Depuis la chute, notre corps est un problème que nous ne parvenons pas à résoudre. Nous ne pouvons plus découvrir le sens de notre corporéité, sauf si nous acceptons de recevoir la révélation de l’Incarnation dans toutes ses dimensions. L’Incarnation est l’affirmation religieuse la plus révolutionnaire qui soit. Le sacré, Dieu, les êtres célestes, l’immortalité de l’âme sont des notions partagées par beaucoup de religions. L’affirmation que Dieu a pris chair est unique et vertigineuse. Elle justifie l’inclination des fidèles, lorsque nous disons dans le credo « et incarnatus est ». L’homme dans sa chair est le sommet de la création, au-dessus des anges eux-mêmes, car Dieu a pris chair, s’est fait homme et non ange. Ainsi le statut de notre corps est unique dans la Foi, il est temple de la rencontre réelle entre l’homme et Dieu. Par les sacrements, Dieu configure progressivement notre cœur et notre corps à l’image de ceux de son Fils. Ainsi, par la foi pouvons-nous regarder le corps comme sacré, au-delà de ses limites, laideurs et maladies. La Résurrection du Christ atteste que le corps de chair est glorifié, pas un autre, mais bien le sien, pris de la Vierge Marie. Nous n’aurons pas, nous non plus, un autre corps. D’une manière ou d’une autre, il dira l’histoire de nos relations aux autres et à Dieu, comme le corps glorieux du Christ conserve les traces de sa passion.

Il ne nous est pas promis la délivrance du corps pour la béatitude de l’âme, mais la délivrance de la souffrance du mal et de la mort. La résurrection de notre corps en révèlera la beauté qui est celle de Dieu, telle est notre espérance.

La sainteté est déjà apte à transfigurer ce corps. Les saints portent leur sainteté sur leur corps. Ils expriment ainsi concrètement les prémisses du royaume par différents signes : une lumière intérieure se lisant sur leur visage ou la non-corruption de leur corps après leur mort.

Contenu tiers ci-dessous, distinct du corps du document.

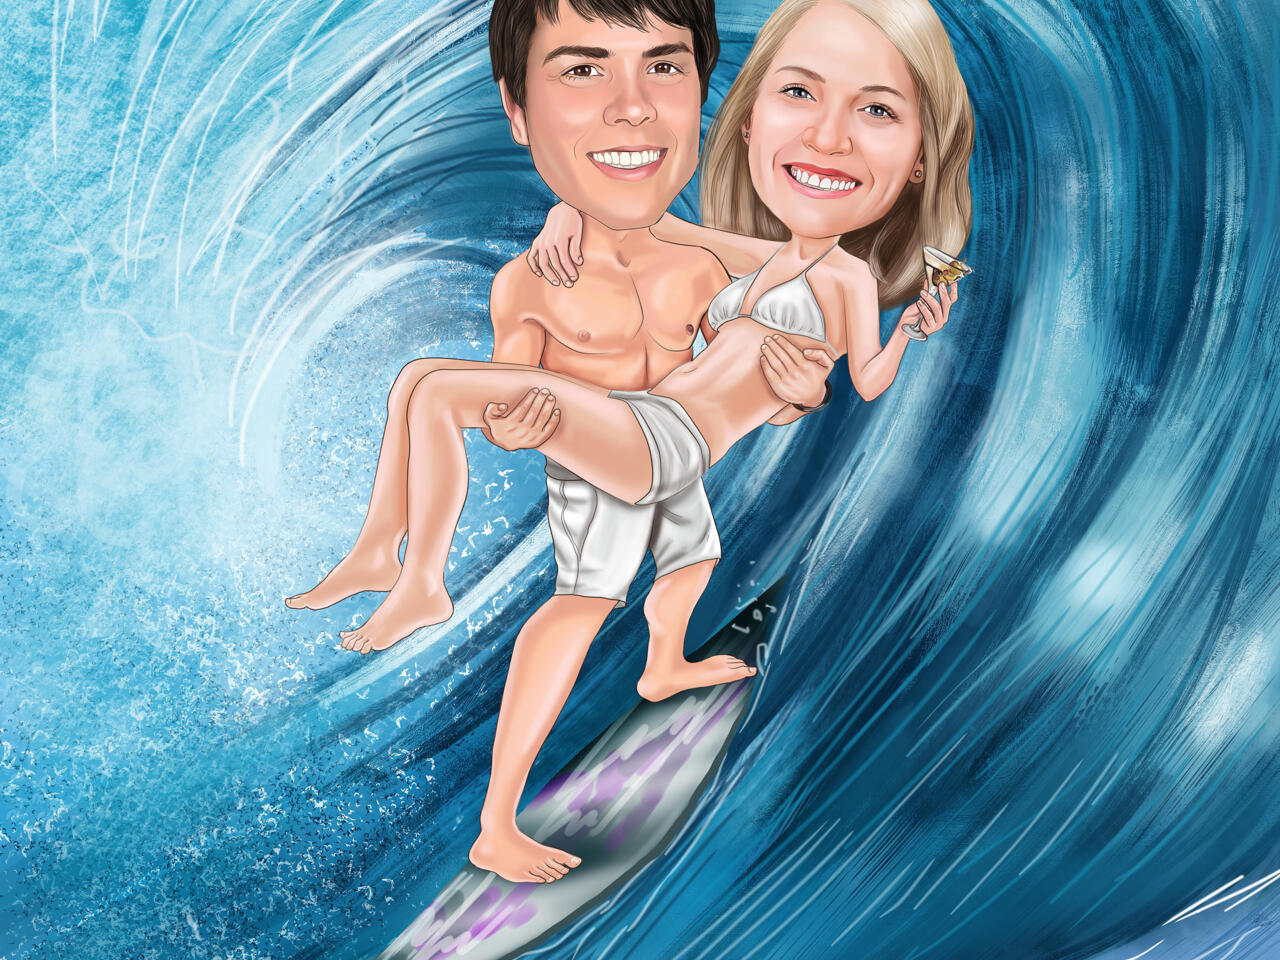 La vague et le surfer

Dans le Royaume des cieux, non seulement nos corps ne seront pas uniformisés, mais nos vies diront par lui la louange de l’Éternel. Il ne nous est demandé de purifier nos âmes de toute attache charnelle mais de permettre à nos corps d’exprimer ce qu’énonce un chant de communion : « Devenez ce que vous recevez ».

Pierre-Henri Beugras, né en 1961, chef d’établissement dans l’enseignement catholique, professeur de philosophie. Membre de la communauté apostolique Aïn Karem.

[1] Dialogues avec l’ange est la transcription d’une expérience spirituelle vécue pendant la Seconde Guerre mondiale par quatre amis hongrois (Wikipédia). Date du copyright : 1990.

[2] Le Portrait de Dorian Gray est une nouvelle fantastique d’Oscar Wilde. Elle a donné lieu à un film d’Albert Lewin, avec Hurd Hatfield et George Sanders, sorti en 1945, repris par Oliver Parker en 2009.